• [What needs to be done] Give back the data below exactly, with every line kept the same.

• [Record set]
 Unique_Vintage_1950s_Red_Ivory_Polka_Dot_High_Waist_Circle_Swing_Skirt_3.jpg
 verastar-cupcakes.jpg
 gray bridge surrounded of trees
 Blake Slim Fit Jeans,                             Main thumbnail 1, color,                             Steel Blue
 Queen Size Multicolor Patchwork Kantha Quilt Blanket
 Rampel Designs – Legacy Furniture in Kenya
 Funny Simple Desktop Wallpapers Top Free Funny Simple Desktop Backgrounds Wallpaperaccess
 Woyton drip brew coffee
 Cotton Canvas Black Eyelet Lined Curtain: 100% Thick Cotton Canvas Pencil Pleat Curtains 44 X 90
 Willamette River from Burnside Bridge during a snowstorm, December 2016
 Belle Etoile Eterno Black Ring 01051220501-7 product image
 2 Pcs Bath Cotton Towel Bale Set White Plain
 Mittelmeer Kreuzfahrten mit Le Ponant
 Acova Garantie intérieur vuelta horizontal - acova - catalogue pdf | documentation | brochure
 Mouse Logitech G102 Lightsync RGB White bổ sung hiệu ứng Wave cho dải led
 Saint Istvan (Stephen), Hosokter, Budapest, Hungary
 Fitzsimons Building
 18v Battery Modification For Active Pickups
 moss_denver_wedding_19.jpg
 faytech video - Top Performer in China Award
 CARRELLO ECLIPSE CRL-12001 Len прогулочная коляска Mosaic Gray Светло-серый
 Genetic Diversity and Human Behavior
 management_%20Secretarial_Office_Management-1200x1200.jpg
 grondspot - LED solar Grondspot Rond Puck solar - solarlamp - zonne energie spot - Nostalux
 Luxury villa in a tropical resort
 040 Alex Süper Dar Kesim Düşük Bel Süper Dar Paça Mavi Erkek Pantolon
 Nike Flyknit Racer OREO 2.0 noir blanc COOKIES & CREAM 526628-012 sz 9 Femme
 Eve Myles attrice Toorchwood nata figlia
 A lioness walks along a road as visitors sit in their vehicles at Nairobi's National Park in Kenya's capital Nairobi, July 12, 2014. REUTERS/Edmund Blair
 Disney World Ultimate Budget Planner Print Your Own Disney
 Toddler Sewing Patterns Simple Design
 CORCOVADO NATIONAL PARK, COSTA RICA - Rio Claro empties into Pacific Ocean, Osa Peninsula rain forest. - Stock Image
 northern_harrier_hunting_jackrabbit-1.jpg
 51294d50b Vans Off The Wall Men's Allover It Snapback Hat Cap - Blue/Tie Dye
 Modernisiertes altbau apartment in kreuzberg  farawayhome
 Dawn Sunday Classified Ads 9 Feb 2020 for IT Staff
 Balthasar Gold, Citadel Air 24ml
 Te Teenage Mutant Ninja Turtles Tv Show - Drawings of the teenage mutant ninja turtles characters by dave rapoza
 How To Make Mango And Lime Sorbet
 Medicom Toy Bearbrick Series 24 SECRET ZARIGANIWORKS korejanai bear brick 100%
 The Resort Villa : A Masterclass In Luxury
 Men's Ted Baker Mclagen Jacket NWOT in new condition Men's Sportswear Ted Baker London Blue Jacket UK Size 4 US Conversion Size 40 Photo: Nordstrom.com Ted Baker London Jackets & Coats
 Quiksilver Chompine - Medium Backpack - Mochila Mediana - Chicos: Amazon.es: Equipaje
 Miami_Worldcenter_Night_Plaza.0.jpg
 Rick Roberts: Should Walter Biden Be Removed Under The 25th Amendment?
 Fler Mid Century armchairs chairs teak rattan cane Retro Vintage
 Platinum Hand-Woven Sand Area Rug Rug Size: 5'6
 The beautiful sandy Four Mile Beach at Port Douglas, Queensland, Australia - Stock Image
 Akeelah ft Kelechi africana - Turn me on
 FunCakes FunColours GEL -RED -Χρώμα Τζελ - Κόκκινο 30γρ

• [Answer area]
 Unique_Vintage_1950s_Red_Ivory_Polka_Dot_High_Waist_Circle_Swing_Skirt_3.jpg
 verastar-cupcakes.jpg
 gray bridge surrounded of trees
 Blake Slim Fit Jeans,                             Main thumbnail 1, color,                             Steel Blue
 Queen Size Multicolor Patchwork Kantha Quilt Blanket
 Rampel Designs – Legacy Furniture in Kenya
 Funny Simple Desktop Wallpapers Top Free Funny Simple Desktop Backgrounds Wallpaperaccess
 Woyton drip brew coffee
 Cotton Canvas Black Eyelet Lined Curtain: 100% Thick Cotton Canvas Pencil Pleat Curtains 44 X 90
 Willamette River from Burnside Bridge during a snowstorm, December 2016
 Belle Etoile Eterno Black Ring 01051220501-7 product image
 2 Pcs Bath Cotton Towel Bale Set White Plain
 Mittelmeer Kreuzfahrten mit Le Ponant
 Acova Garantie intérieur vuelta horizontal - acova - catalogue pdf | documentation | brochure
 Mouse Logitech G102 Lightsync RGB White bổ sung hiệu ứng Wave cho dải led
 Saint Istvan (Stephen), Hosokter, Budapest, Hungary
 Fitzsimons Building
 18v Battery Modification For Active Pickups
 moss_denver_wedding_19.jpg
 faytech video - Top Performer in China Award
 CARRELLO ECLIPSE CRL-12001 Len прогулочная коляска Mosaic Gray Светло-серый
 Genetic Diversity and Human Behavior
 management_%20Secretarial_Office_Management-1200x1200.jpg
 grondspot - LED solar Grondspot Rond Puck solar - solarlamp - zonne energie spot - Nostalux
 Luxury villa in a tropical resort
 040 Alex Süper Dar Kesim Düşük Bel Süper Dar Paça Mavi Erkek Pantolon
 Nike Flyknit Racer OREO 2.0 noir blanc COOKIES & CREAM 526628-012 sz 9 Femme
 Eve Myles attrice Toorchwood nata figlia
 A lioness walks along a road as visitors sit in their vehicles at Nairobi's National Park in Kenya's capital Nairobi, July 12, 2014. REUTERS/Edmund Blair
 Disney World Ultimate Budget Planner Print Your Own Disney
 Toddler Sewing Patterns Simple Design
 CORCOVADO NATIONAL PARK, COSTA RICA - Rio Claro empties into Pacific Ocean, Osa Peninsula rain forest. - Stock Image
 northern_harrier_hunting_jackrabbit-1.jpg
 51294d50b Vans Off The Wall Men's Allover It Snapback Hat Cap - Blue/Tie Dye
 Modernisiertes altbau apartment in kreuzberg  farawayhome
 Dawn Sunday Classified Ads 9 Feb 2020 for IT Staff
 Balthasar Gold, Citadel Air 24ml
 Te Teenage Mutant Ninja Turtles Tv Show - Drawings of the teenage mutant ninja turtles characters by dave rapoza
 How To Make Mango And Lime Sorbet
 Medicom Toy Bearbrick Series 24 SECRET ZARIGANIWORKS korejanai bear brick 100%
 The Resort Villa : A Masterclass In Luxury
 Men's Ted Baker Mclagen Jacket NWOT in new condition Men's Sportswear Ted Baker London Blue Jacket UK Size 4 US Conversion Size 40 Photo: Nordstrom.com Ted Baker London Jackets & Coats
 Quiksilver Chompine - Medium Backpack - Mochila Mediana - Chicos: Amazon.es: Equipaje
 Miami_Worldcenter_Night_Plaza.0.jpg
 Rick Roberts: Should Walter Biden Be Removed Under The 25th Amendment?
 Fler Mid Century armchairs chairs teak rattan cane Retro Vintage
 Platinum Hand-Woven Sand Area Rug Rug Size: 5'6
 The beautiful sandy Four Mile Beach at Port Douglas, Queensland, Australia - Stock Image
 Akeelah ft Kelechi africana - Turn me on
 FunCakes FunColours GEL -RED -Χρώμα Τζελ - Κόκκινο 30γρ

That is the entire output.